Department of Otolaryngology-Head and Neck Surgery and Department of Microbiology and Immunology, University of California, San Francisco, California, USA; email:
Biomedical Sciences Graduate Program, University of California, San Francisco, California, USA.
Annu Rev Biomed Data Sci. 2023 Aug 10;6:47-71. doi: 10.1146/annurev-biodatasci-020422-050255. Epub 2023 Apr 11.

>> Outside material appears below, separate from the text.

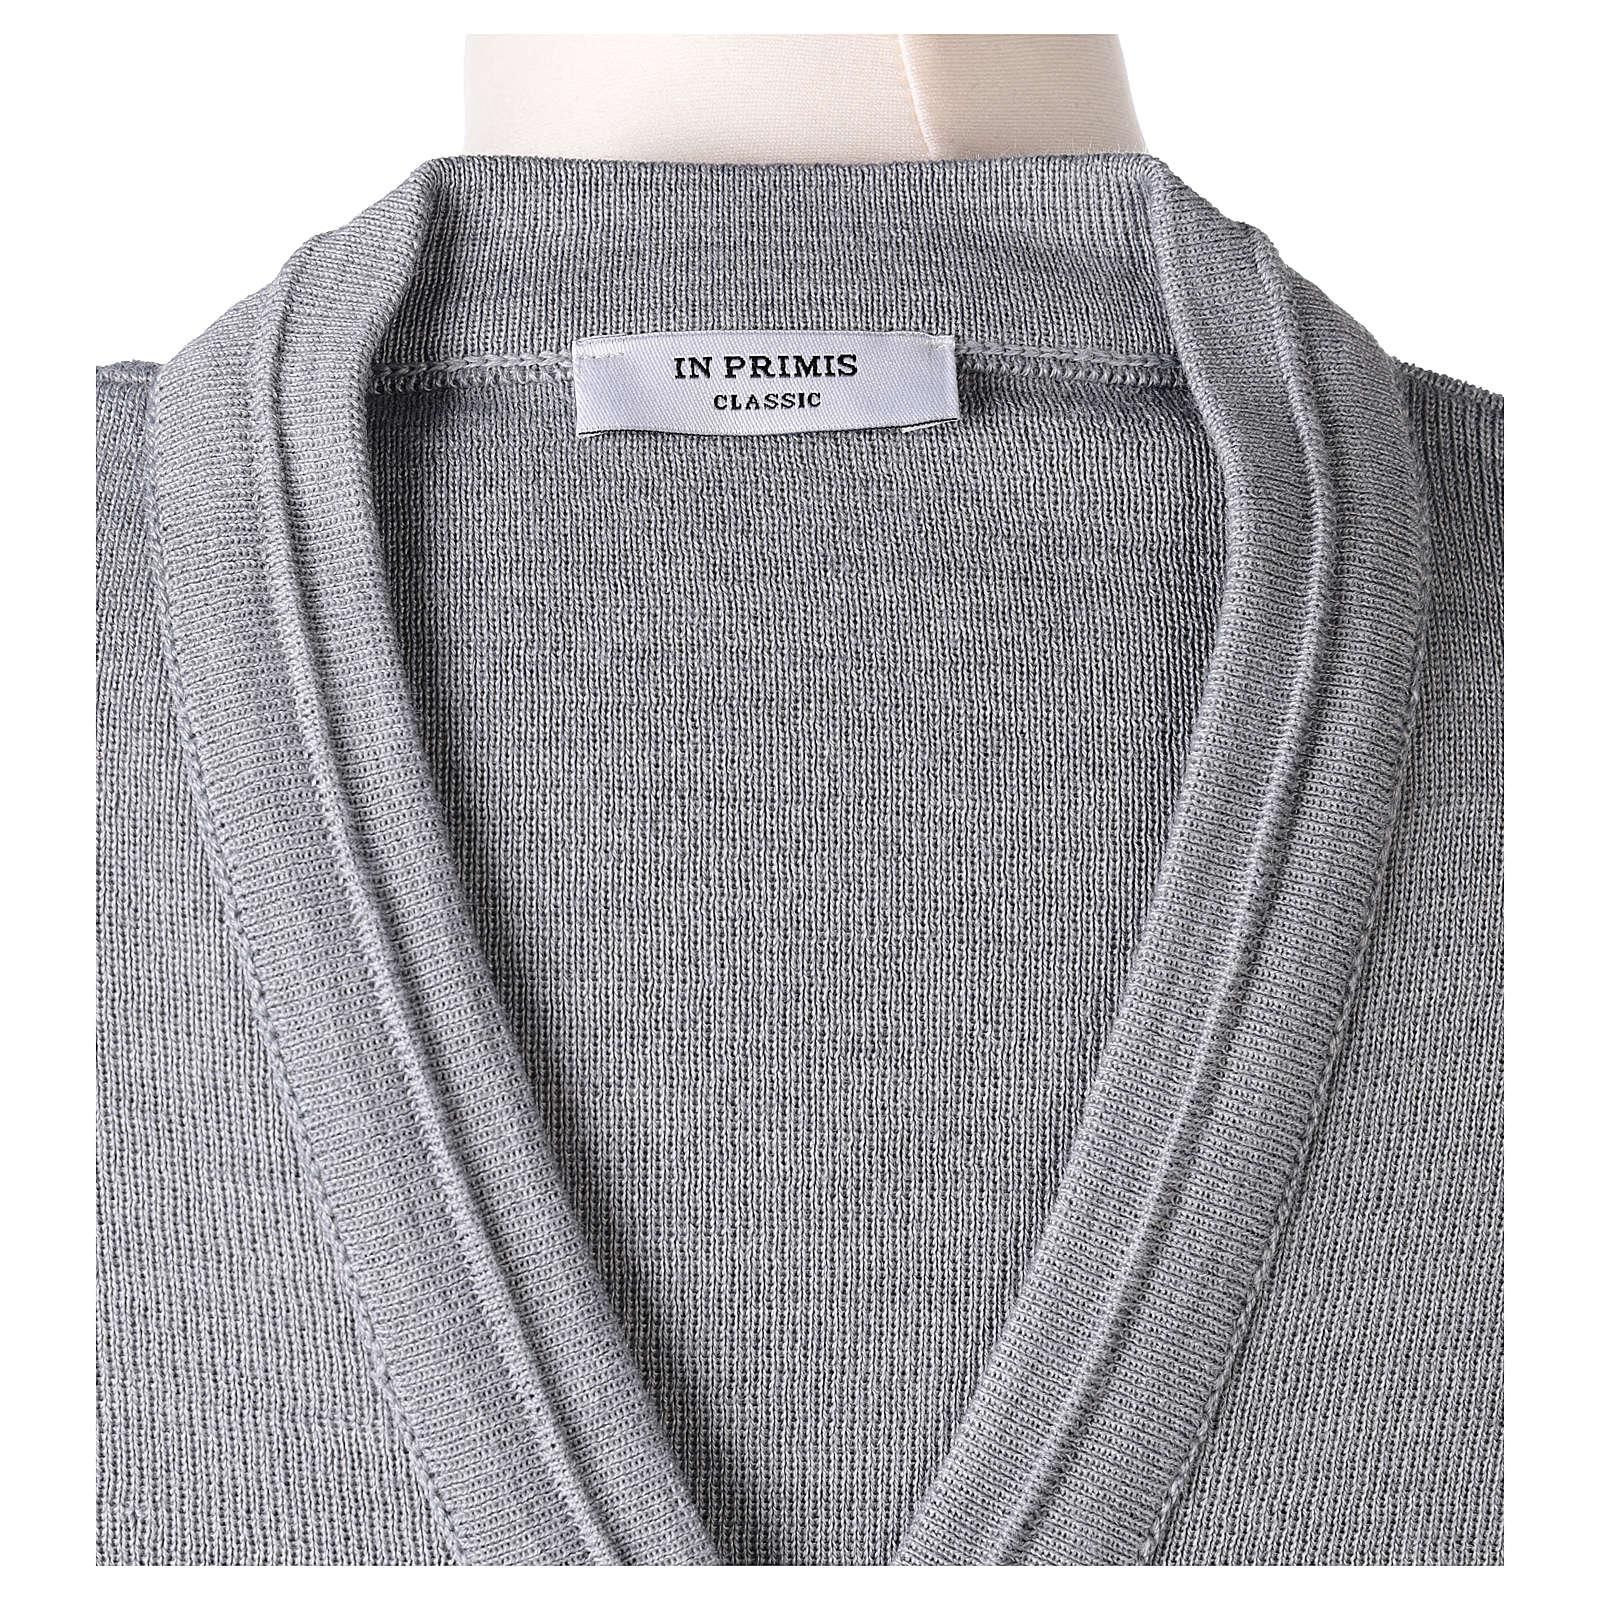 Giacca corta grigio perla 50% lana merino 50% acrilico suora In Primis 4

Advances in single-cell proteomics technologies have resulted in high-dimensional datasets comprising millions of cells that are capable of answering key questions about biology and disease. The advent of these technologies has prompted the development of computational tools to process and visualize the complex data. In this review, we outline the steps of single-cell and spatial proteomics analysis pipelines. In addition to describing available methods, we highlight benchmarking studies that have identified advantages and pitfalls of the currently available computational toolkits. As these technologies continue to advance, robust analysis tools should be developed in tandem to take full advantage of the potential biological insights provided by these data.
单细胞蛋白质组学技术的进步产生了包含数百万个细胞的高维数据集,这些数据集能够回答关于生物学和疾病的关键问题。这些技术的出现促使人们开发了计算工具来处理和可视化复杂的数据。在这篇综述中,我们概述了单细胞和空间蛋白质组学分析管道的步骤。除了描述可用的方法外,我们还强调了基准测试研究,这些研究确定了当前可用的计算工具包的优缺点。随着这些技术的不断进步,应该开发强大的分析工具,以充分利用这些数据提供的潜在生物学见解。